> **WORK TO BE COMPLETED**
Reproduce the listing below word for word, with no pictures.
DATA EXCERPT Block Start
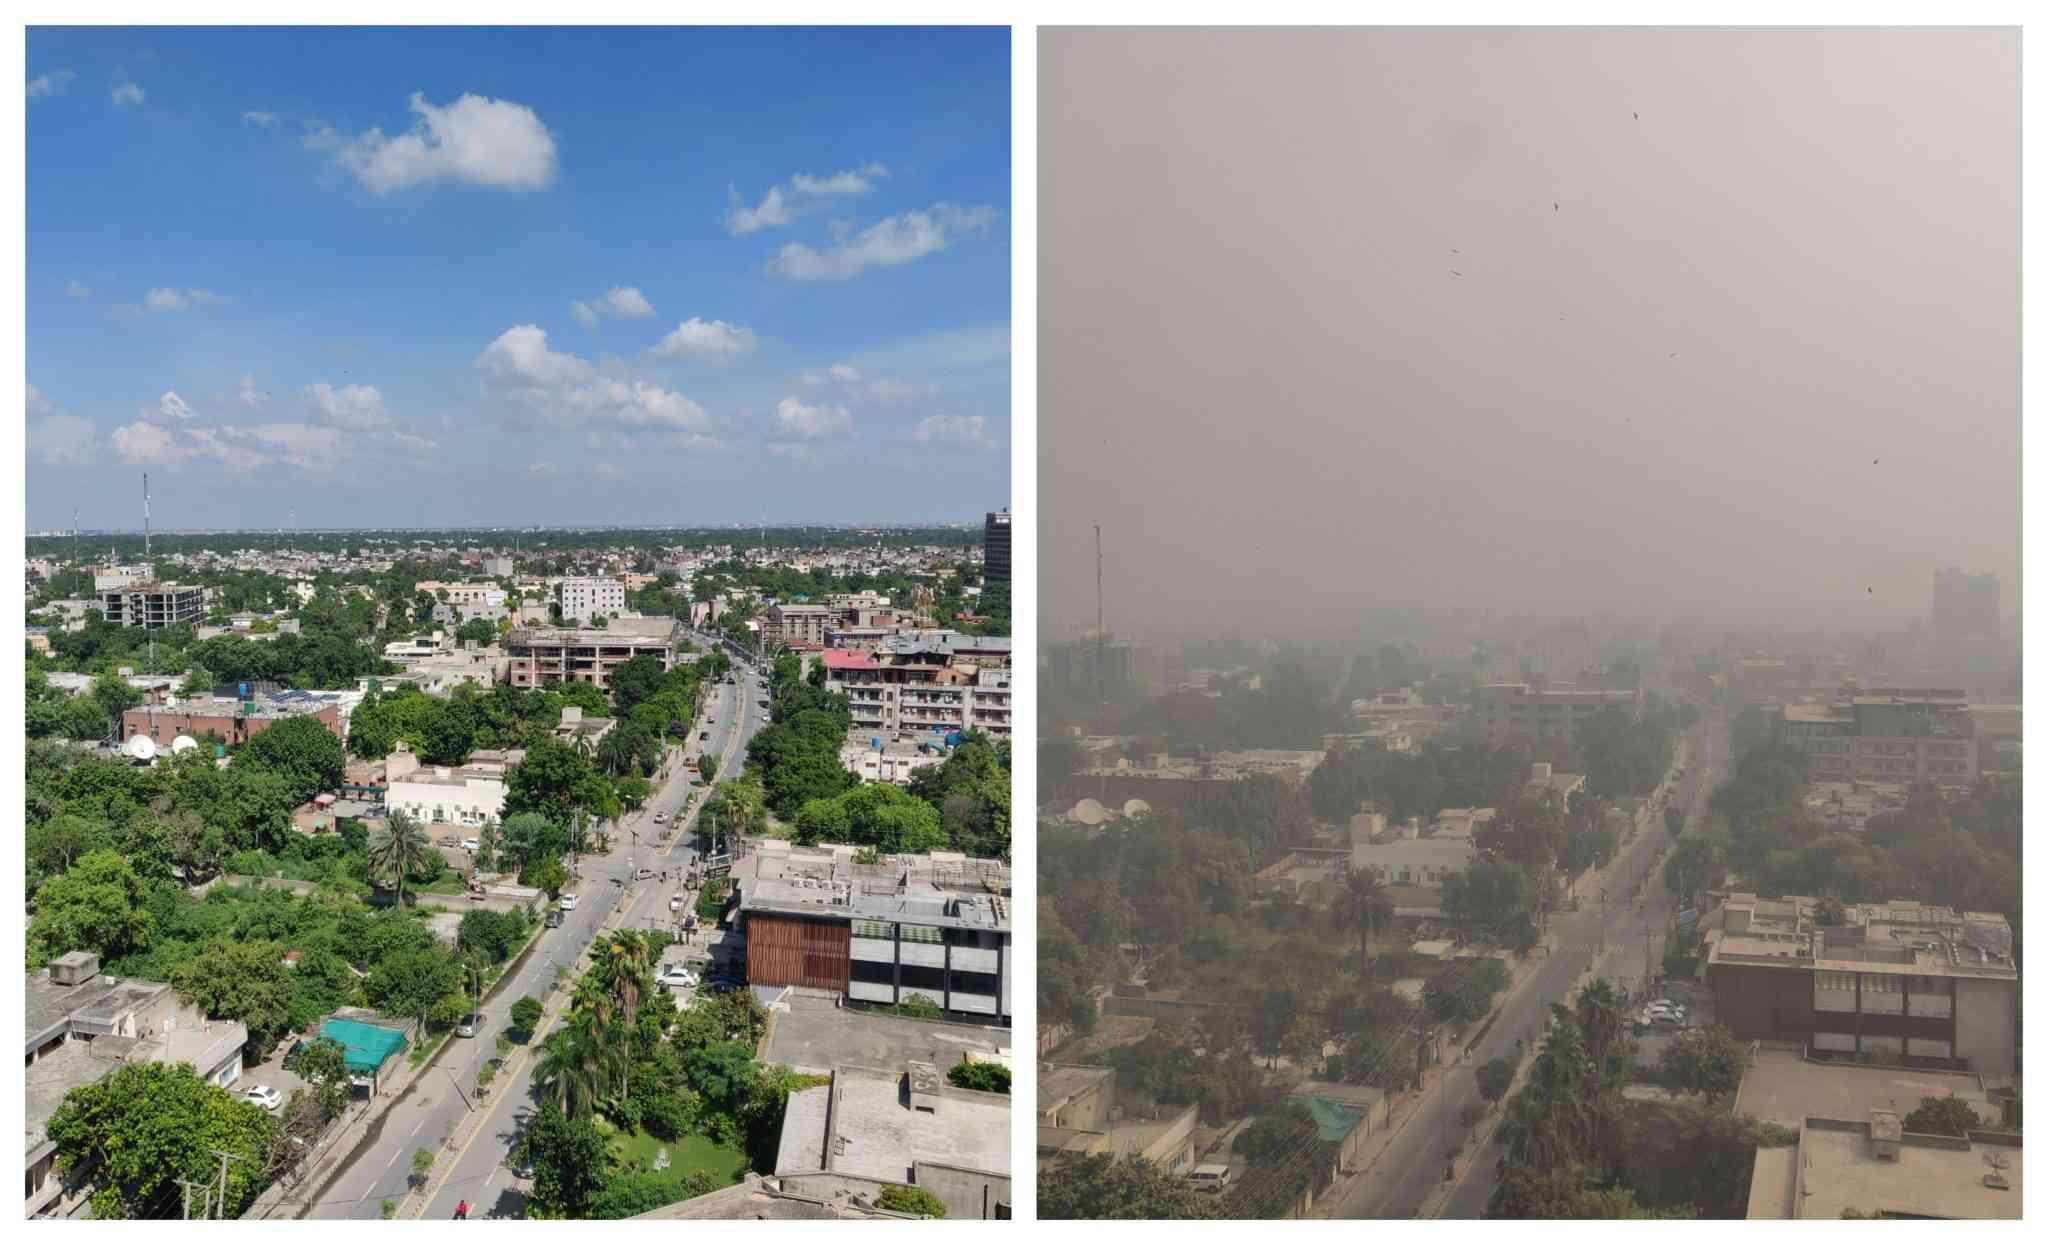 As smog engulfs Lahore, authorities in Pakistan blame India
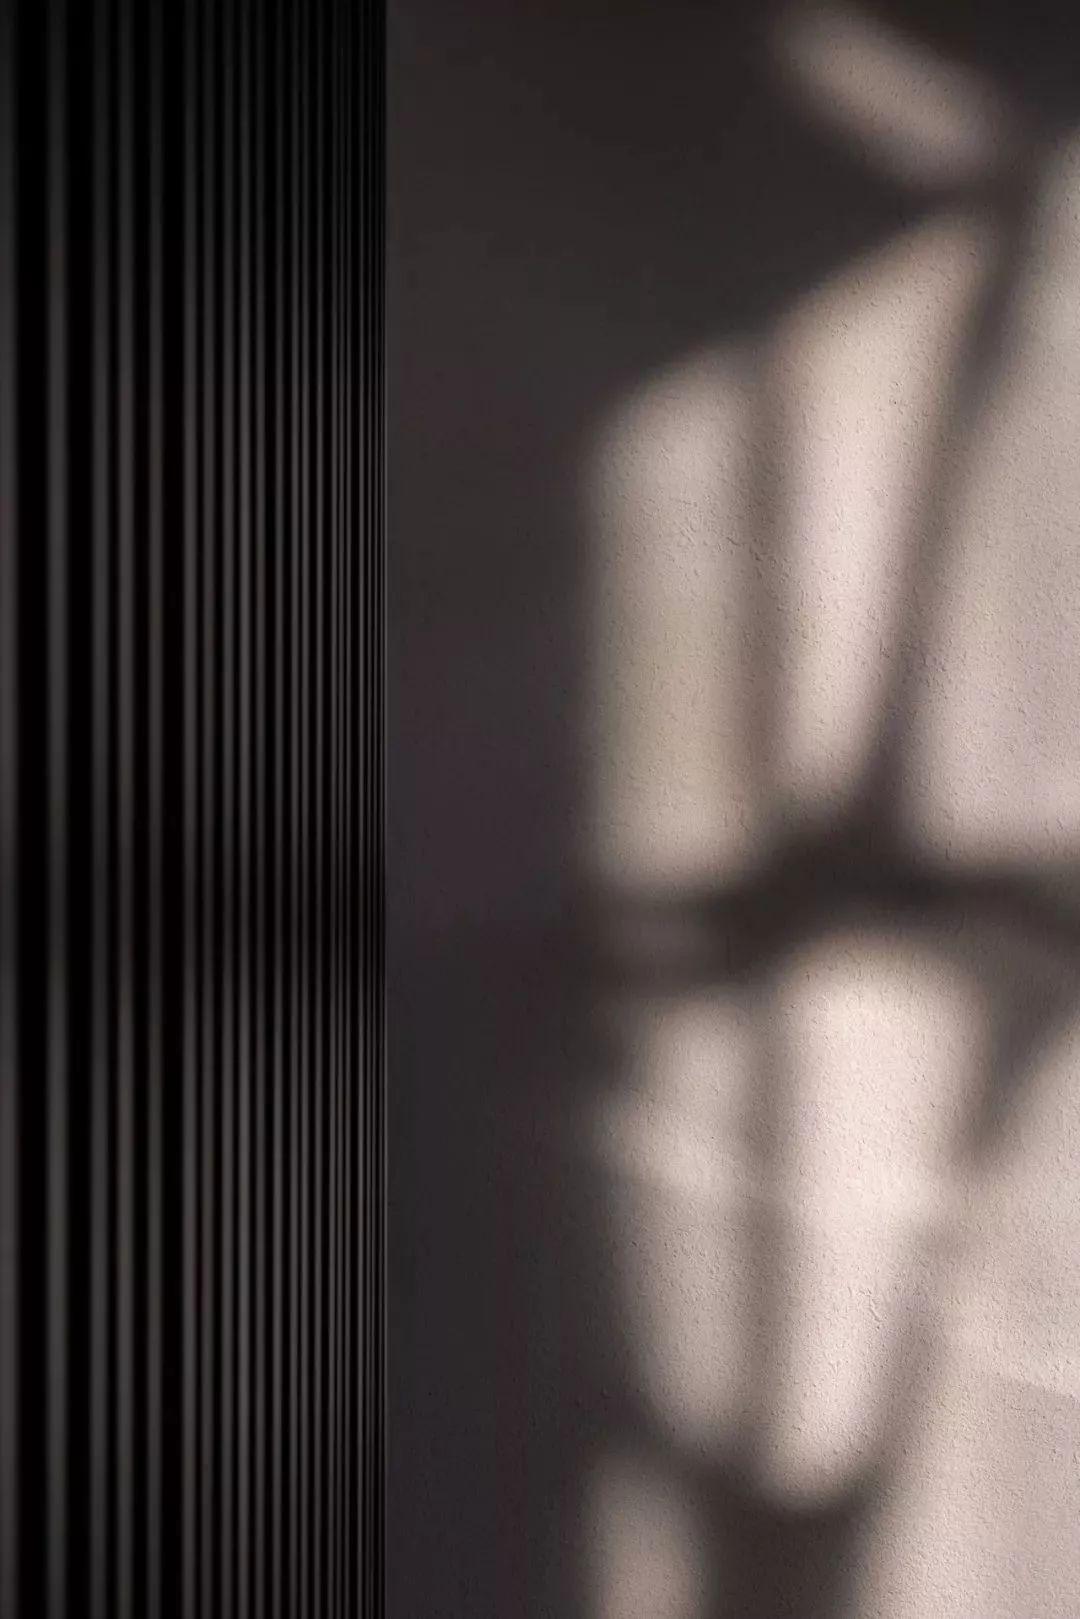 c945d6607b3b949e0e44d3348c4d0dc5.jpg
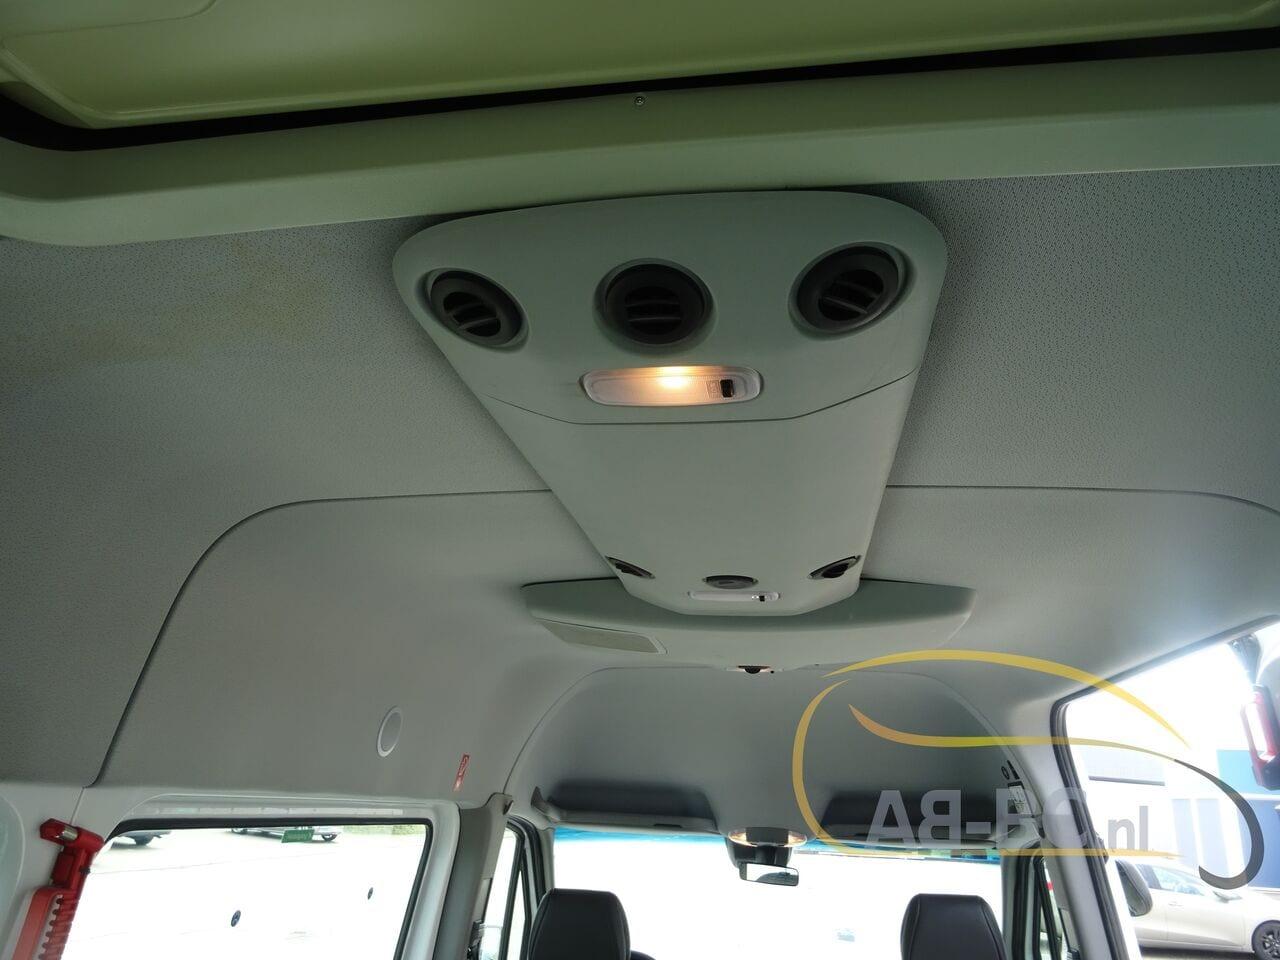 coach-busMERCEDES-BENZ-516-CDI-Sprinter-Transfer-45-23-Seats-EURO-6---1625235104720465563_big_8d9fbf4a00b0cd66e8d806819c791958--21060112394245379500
DATA EXCERPT Block End
> **EXERCISE RESULT**
 As smog engulfs Lahore, authorities in Pakistan blame India
 c945d6607b3b949e0e44d3348c4d0dc5.jpg
 coach-busMERCEDES-BENZ-516-CDI-Sprinter-Transfer-45-23-Seats-EURO-6---1625235104720465563_big_8d9fbf4a00b0cd66e8d806819c791958--21060112394245379500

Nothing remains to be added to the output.